I would say the biggest explanation ahead of its time was not by the rabbis, but by the Torah, steadfastly defended by even the most rational rabbis in the face of prevailing secular thought. Up until 1929 (and perhaps even as late as 1949), the leading view in astronomy was that we lived in a steady-state universe with no beginning and no end. People often talk about the clash between Big Bang theory and ma'asei bereshit, but in fact they are much more in line with each other than the prevailing secular theories up until that point.

For those numerologists out there, Tehillim 147:4 "He counts the number of the stars; He calls them all by name. ד. מוֹנֶה מִסְפָּר לַכּוֹכָבִים לְכֻלָּם שֵׁמוֹת יִקְרָא:" With 22 letters in the Hebrew alphabet, there are 22! = 1.1x10^21 possible permutations, pretty close to the number of stars in the observable universe (if shin and sin are counted separately, as they should be, you get 23! = 2.6x10^22, even closer to the "correct" number) [as an interesting aside, this is remarkably close to the number of grains of sand on the beach: 5x10^21 according to some estimates]

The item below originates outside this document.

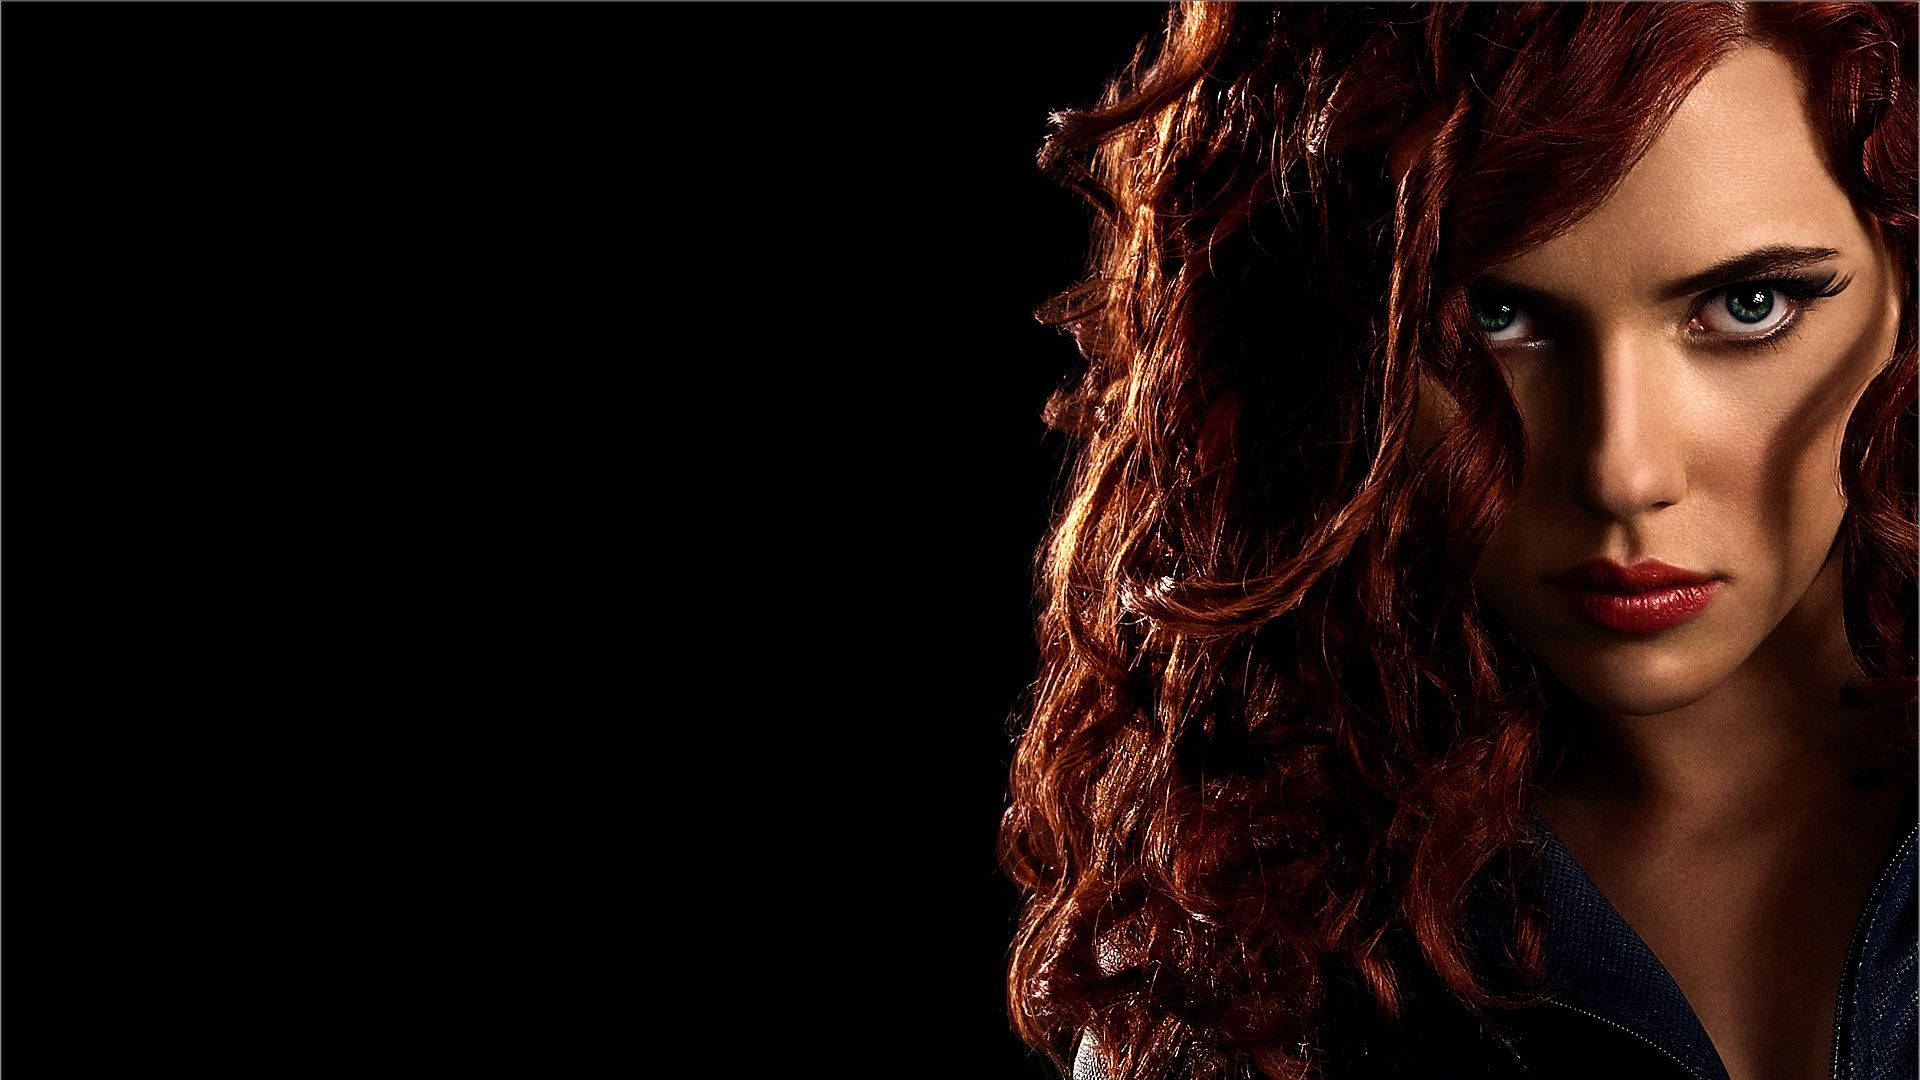 Scarlett Johansson as Black Widow in Iron Man 2 Wallpaper

And for my favorite, which doesn't really count as preceding modern science, but is cool anyways, Tehillim 148:3 "Praise Him, sun and moon; praise Him, all stars of light. ג. הַלְלוּהוּ שֶׁמֶשׁ וְיָרֵחַ הַלְלוּהוּ כָּל כּוֹכְבֵי אוֹר:" Isn't "stars of light" redundant?? NO! there must also be stars of darkness, i.e., black holes!

I'm not really a big kabbalist, but from what I understand of the sefirot, it is conceptually very similar to our modern particle physics theories of symmetry breaking.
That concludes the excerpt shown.